There was an unsteady knock at the door, and the man in the kitchen came forth to answer it. He did resemble Tad, and for a moment Colbert guessed that this was his building manager's future self. But no; the way he greeted Cratchit and Silverman—who stood outside the door—was the formal greeting of a stranger.
"Hello." Silverman offered her hand. "You must be Tad's brother. I'm Meg Silverman, and this is Bob—"
"—Cratchit, yes. Tad told me about you," replied the other, in a curiously quiet voice. "I'm Geoffrey." And he shook hands with each in turn.
"We thought we'd come by and help out," explained Cratchit hesitantly. "Didn't think it was a good idea to let you do this on your own. Not on Christmas."

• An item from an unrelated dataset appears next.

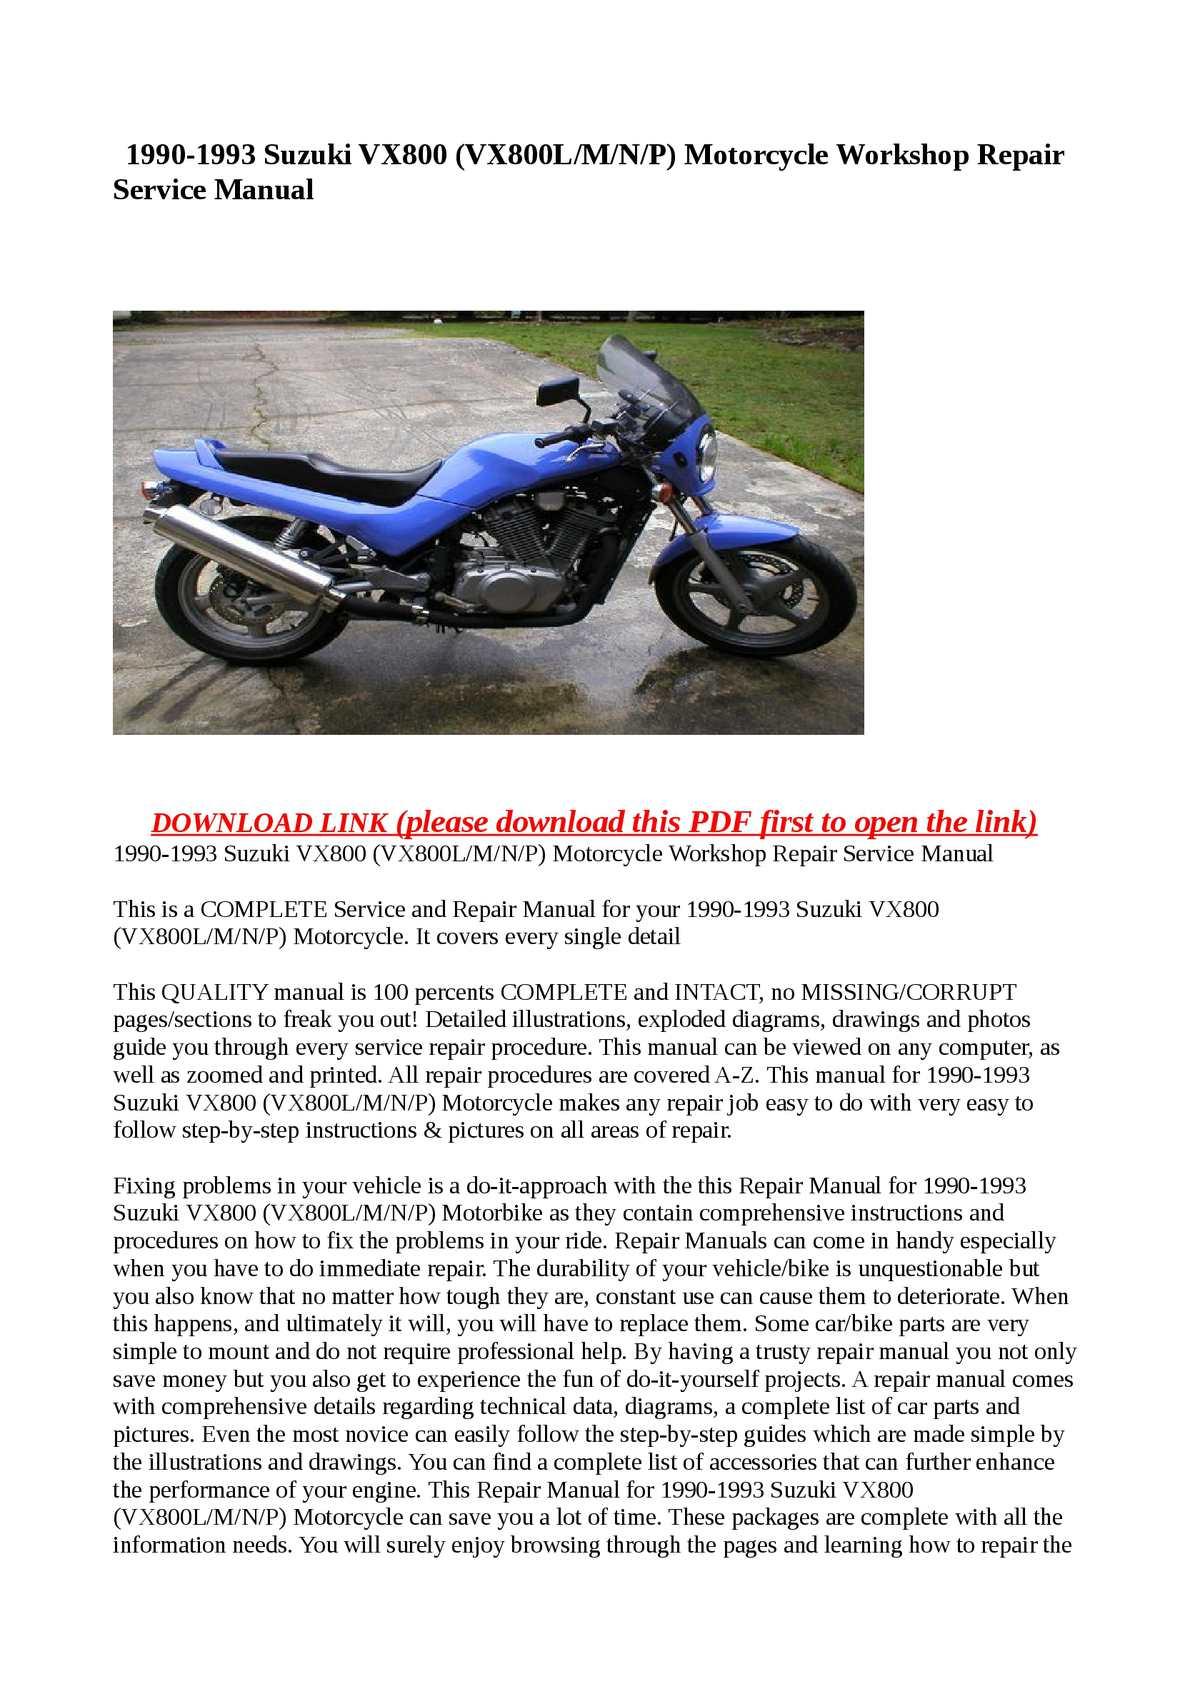 Calameo 1990 1993 Suzuki Vx800 Vx800l M N P Motorcycle Workshop Repair Service Manual

Geoffrey nodded. "I appreciate it. I was just boxing up the silverware when you knocked." He jerked a thumb towards the kitchen. "You know he wanted it all to go to Goodwill . . . he didn't have much, but he was always thinking of people like that . . ."
Here his voice broke. Cratchit offered an awkward pat on the shoulder; the less self-conscious Silverman stepped forward and wrapped him in a hug. Then all the walls came down at once, and tears flowed from all three, as they clung to each other lest they should fall from those precarious perches to which they had been clinging.
Colbert was very nearly in tears himself. He removed his glasses and blinked very hard, then turned to the Spirit, his voice now unsteadied by sorrow rather than fear.
"Spirit," he said quietly, "my gut tells me that our time is almost up. And I suppose I shouldn't always listen to my gut, but right now I have nothing to contradict it. Before you go, though, tell me—who was that man on the bed?"
The Ghost of Christmas Yet to Come led him forth again, into a scene that was outdoors at twilight. It was some years later, Colbert thought, though these visions seemed to have no order, but to be at unsorted points in the future. And they walked, the Ghost inexorably, Colbert unsteadily, down the road.
"Hang on a minute," he exclaimed. "That's my house, right there. Let me just run over and see what I'm like in the future, okay?"
The Spirit stopped, but pointed forward.
Colbert eyed its brawny form with trepidation for a moment, then made his decision. "I won't take long," he promised, and darted up the front path of the Colbert Compound.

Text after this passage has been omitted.